Chopin’s other works, in which he reveals the full variety of his genius, may be divided roughly into two classes: the idealized dances (mazurkas, polonaises, and waltzes ) and the free lyrical poems (nocturnes, the Berceuse, the Barcarolle, and the études). The preludes include examples of all these miniature forms. Classification, however, quickly breaks down. Many of the dances are lyrical poems. Nor can one describe these groups as miniatures, though they include some of the most exquisite miniatures in all music. The C-Sharp Minor Mazurka (Opus 50, No. 3, 1841), the F-Sharp Minor Polonaise (Opus 44, with its interpolated mazurka, 1840-1841), and the C-Minor Nocturne (Opus 48, No. 4, 1841), for instance, are certainly not miniatures; in each case the content explodes the confines of its genre.

The mazurkas are the most Polish of all Chopin’s compositions, the closest to folk music (in such details as the use of the major scale with the fourth degree sharpened, triplets interpolated in the melodic line, the snap of grace notes ). However, Chopin seldom used actual folk melodies in his mature works; the Christmas lullaby in the middle section of the B-Minor Scherzo (Opus 20, 1831-1832) is one of the rare instances.

The polonaise is an aristocratic processional dance, with no element of folklore. In Chopin’s hands it becomes a patriotic call to arms, almost as surprising as the transmutation of the mazurka into something that Bach almost might have written ( the opening of Opus 50, No. 3 ). As for the waltzes, they are, as Schumann said of the Waltz in A-Flat Major ( Opus 42, 1840 ), “for countesses to dance to.”

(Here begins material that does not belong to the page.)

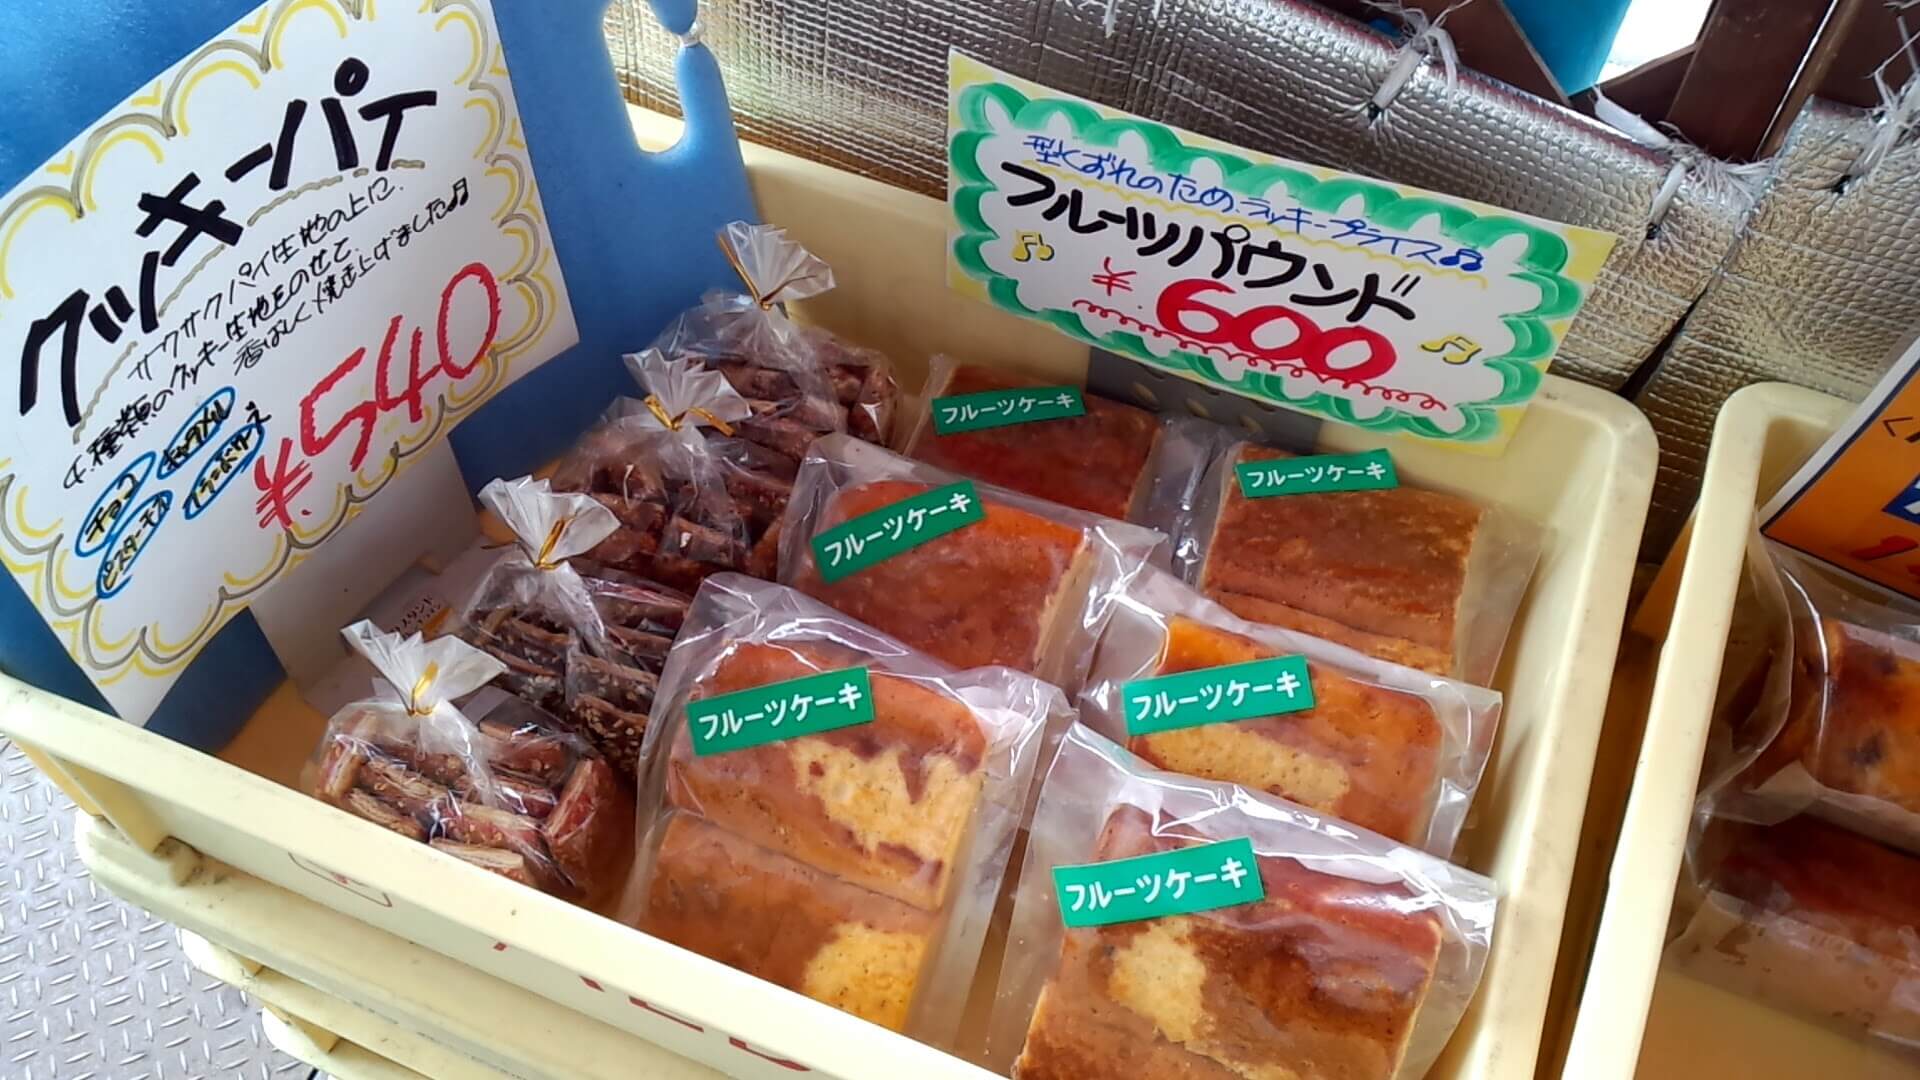 アウトレットのスイーツが買える横浜の老舗洋菓子メーカー アルベリに行ってきました 1 エフペリ

The nocturnes and such nocturnelike pieces as the Berceuse (Opus 57, 1843), the E-Major Étude (Opus 10, No. 3, 1829-1832) and Preludes Nos. 13, 15, and 21 (Opus 28, 1836-1839) have exercised a slightly ambiguous influence on the world’s estimate of Chopin. Their melancholy, Italianate sweetness—often heavily exaggerated by bad pianists—has given a false impression of effeminacy. But even the sweetest of nocturnes may end with a stroke of tragic drama, as in Nocturne in B Major (Opus 32, No. 1, 1836-1837), or the sweetness may be reserved for the very end of a bitter and passionate piece, as in Nocturne in C-Sharp Minor (Opus 27, No. 1, 1834-1835).